Ahora bien, para quienes se empeñen en ver la intervención de Dios en este golpe maestro, que ha hecho saltar por los aires los protocolos de la curia, todavía un par de hipótesis que, como el sueño y la vigilia, carecen de fronteras definidas: pongamos que Benedicto XVI se pegó un tiro en la sien porque de súbito dejó de creer en Dios. O por lo contrario, porque de repente fue atacado por la fe, ese don gratuito. Tanto si dejó de creer como si comenzó a hacerlo, su ministerio resultaba del todo impracticable. Si lo primero, porque para arrogarse la representación de una instancia irreal, hay que poseer, en efecto, una fortaleza y una ambición poco probables en una persona de su edad, incluso en un joven. Si lo segundo, porque si Dios existe no puede estar de acuerdo en modo alguno con lo que representa la Iglesia. Aficionado como es a la escritura, Ratzinger dispone de un material excelente para escribir una novela. Después de todo, la línea que separa la teología de la ficción es tan borrosa como la que separa la muerte de la vida.

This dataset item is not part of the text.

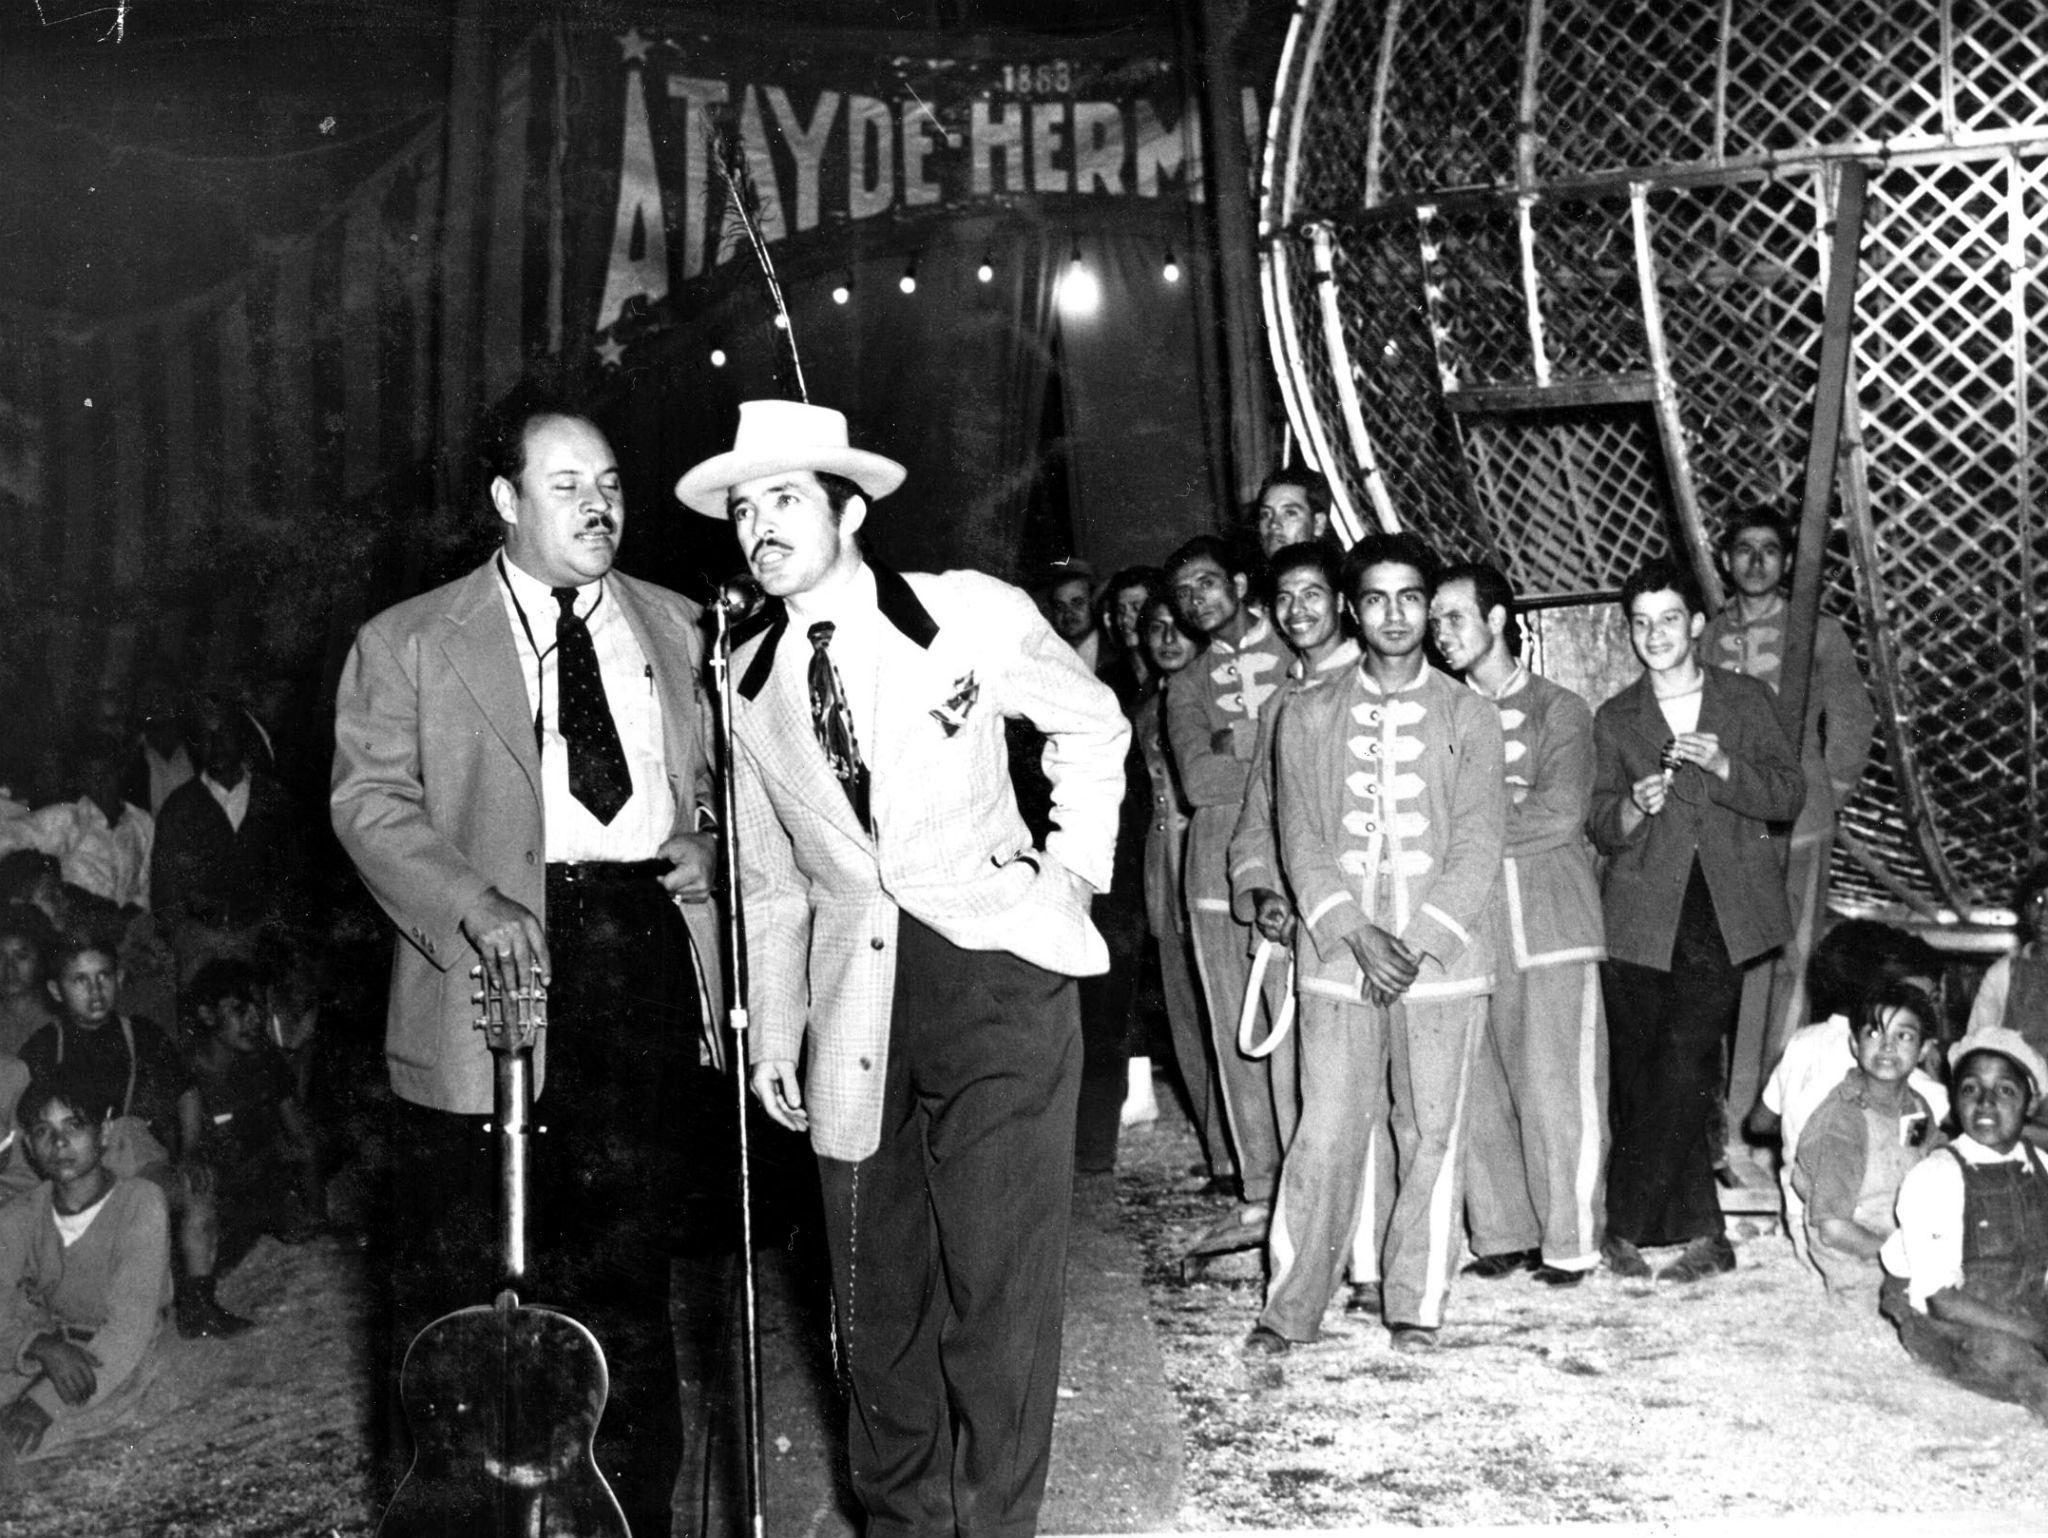 Tin-Tan y Marcelo en el Circo Atayde Hermanos

PRENSA. "La huida". Manuel Vicent

Manuel Vicent

   En "El País":

La huida

En Europa se está dando de nuevo la antigua lucha encarnizada del protestantismo contra el catolicismo

 17 FEB 2013
Probablemente la renuncia de Ratzinger a seguir en el oficio de Papa se debe a que es un idealista alemán que no ha logrado asimilar el espíritu del Mediterráneo. Es la misma cuestión que late en el fondo de la crisis económica de Europa donde se está dando de nuevo la antigua lucha encarnizada del protestantismo contra catolicismo, del calvinismo contra vitalismo hedonista del sur. Pero la dimisión del Papa, la primera después de siete siglos en la historia de la Iglesia, debe ser tomada además como símbolo de la caída del imperio religioso del Vaticano. El papa Ratzinger, superdotado sofista, acostumbrado a realizar encajes de bolillos en el castillo de naipes de la teología, el ejemplo más intrincado de ciencia ficción, no ha podido soportar el caos, que es la esencia del Mediterráneo, el grado más alto del genio de Italia. Caos significa intriga, traición, sexo, pederastia, despilfarro, latrocinio. Caos también significa inspiración, duda creativa, misterio de los sentidos, placer de vivir, arte de morir. Parece que Ratzinger se ha hecho un lío mental con estas variables, entre los lobos y jabalíes que le mordían el calcañar y la paloma del Espíritu Santo, que, de repente, se ha transformado en cuervo. Finalmente este teólogo esteta, tal vez, se ha venido abajo ante el próximo papel dramático que le tocaba representar en público. La muerte de un Papa es un espectáculo de primer orden en el circo mundial. Un Papa debe morir de forma que los espectadores no se sientan defraudados. A los pocos días de ser elegido, el pontífice Luciani abandonó este mundo después de tomar un té muy bien cargado; en cambio Juan Pablo II desarrolló su larga agonía como un acto litúrgico, con gestos y palabras inconexas de gran tragediante ante los fieles en medio de una parafernalia orgiástica. En realidad, Ratzinger se ha fugado. Ha huido de los lobos y jabalíes que acechan en la curia del Vaticano, pero tambien ha tratado de ahorrarse la vergüenza de tener que agonizar en público y ser descuartizado por las cámaras. En medio de la corrupción masiva y soleada del sur de Europa, donde el vicio bien llevado es una virtud, a este Papa le ha caído la propia ficción teológica encima y lo ha aplastado. El derrumbe del imperio acaba de empezar.